Saturday, 30 July 2016

Recollection

For some reason, I frequently talk about 2015. I talk about it like it was my year. I wonder if I'm stuck in the past. I wonder if it has something to do with being 17. I didn't turn 17 last year but I was 17 for 6 months. I feel like that's the golden age for me. The age where I start to realise things. Or maybe it was turning 18. The 'transition' into adulthood.

I feel like I should talk about it for the last time. 2015.

Friends.

I feel like I have the inability to be close with anyone. I never had a friend that I truly loved or cared for and vice versa. I don't open up fully or express my feelings.
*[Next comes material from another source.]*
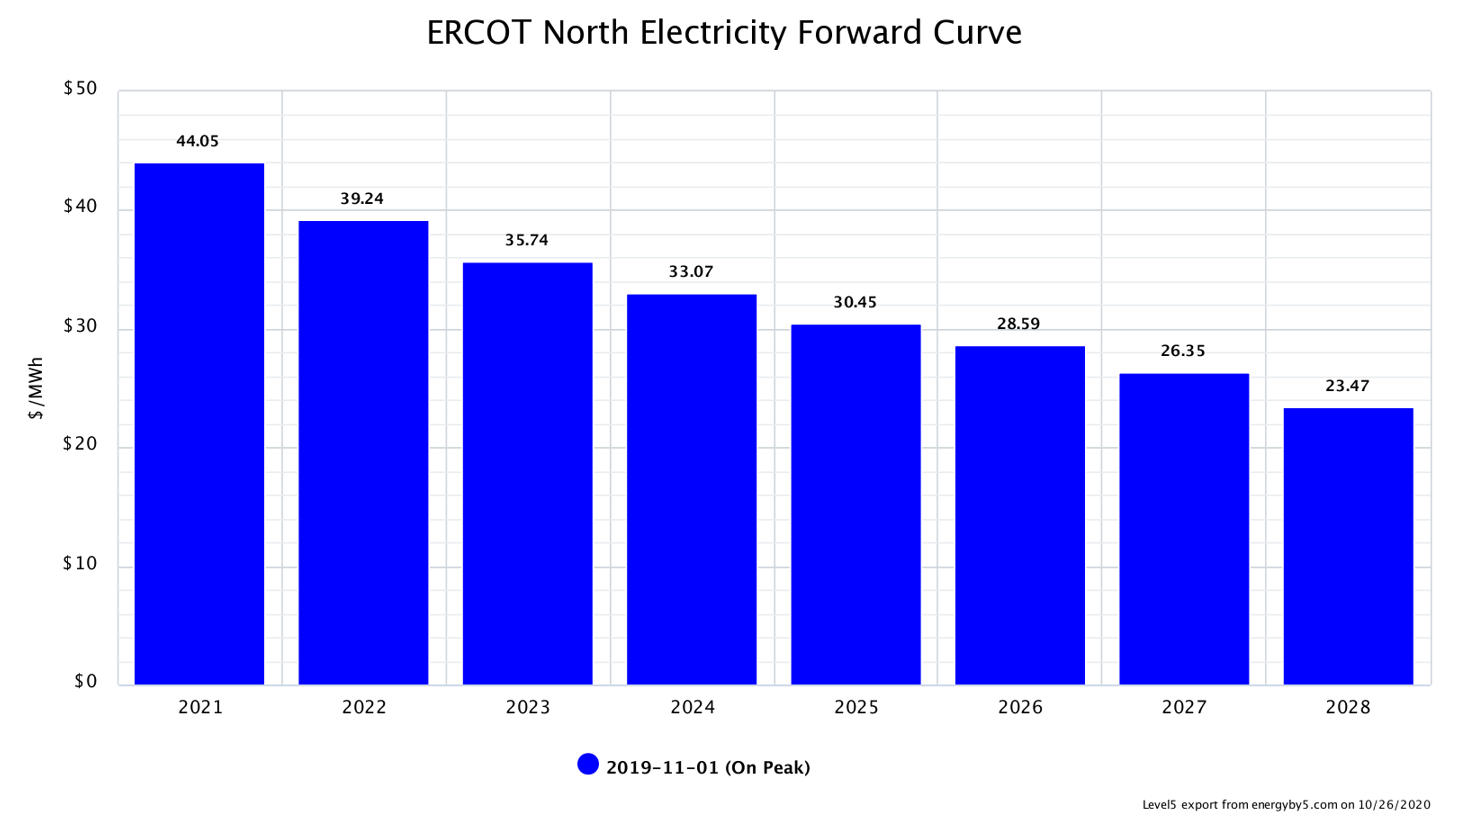 ERCOT North Electricity Forward Curve

I don't think I ever had a friend that made me look at them and wish for us to grow old together. Everyone is temporary. When I graduated high school, my first thought was that I didn't want to connect with my group of friends. I wanted to go separate ways. I didn't connect with them. I feel like they were the type of people who temporarily cared about me for a while but not a life time. So from that I stopped communicating with anymore for months. I thought that once I started University, I would make a group of friends that I was able to connect with. Someone that my soul can grow attached to. I think I was never cut out to be such a social person. I was truly a fake person. I pretended that I was interested in whatever someone was talking about. I tried to get into politics just to keep with them. So I decided to cut everyone off.

It was just me. 2015 was just filled with dates with myself. On New Year's eve, it was the first time all year that I needed interaction. Because I had cut off many people, I felt more alone than ever. So in the end I had only 3 friends left. Which is better than nothing.


Misanthropy. 

I hated everyone. This is the peak of my angsty teen bull. I don't really have any comment for this. People are fake and I hated that. Period.


Religion

I decided to stop fighting it. I don't believe there is a God anymore. It was always a struggle to try and love God. I didn't want to fake my feelings. I hated praying. It felt like I was talking to no one. Praying seemed like false hope.


False happiness

What bothers me the most was that I thought I loved myself. I thought I had accepted life as it is. I thought I had entered Nirvana and that I was beyond everyone else. In a way, I thought I had broken the fourth wall. I'm the observer of the world. I actually believed that I was at the peak of maturity. I believed that I stopped growing up, just growing old. Ha, I was happy with my mentality. To think that it was happiness when in fact it was the lowest point in my life. The act of an immature person.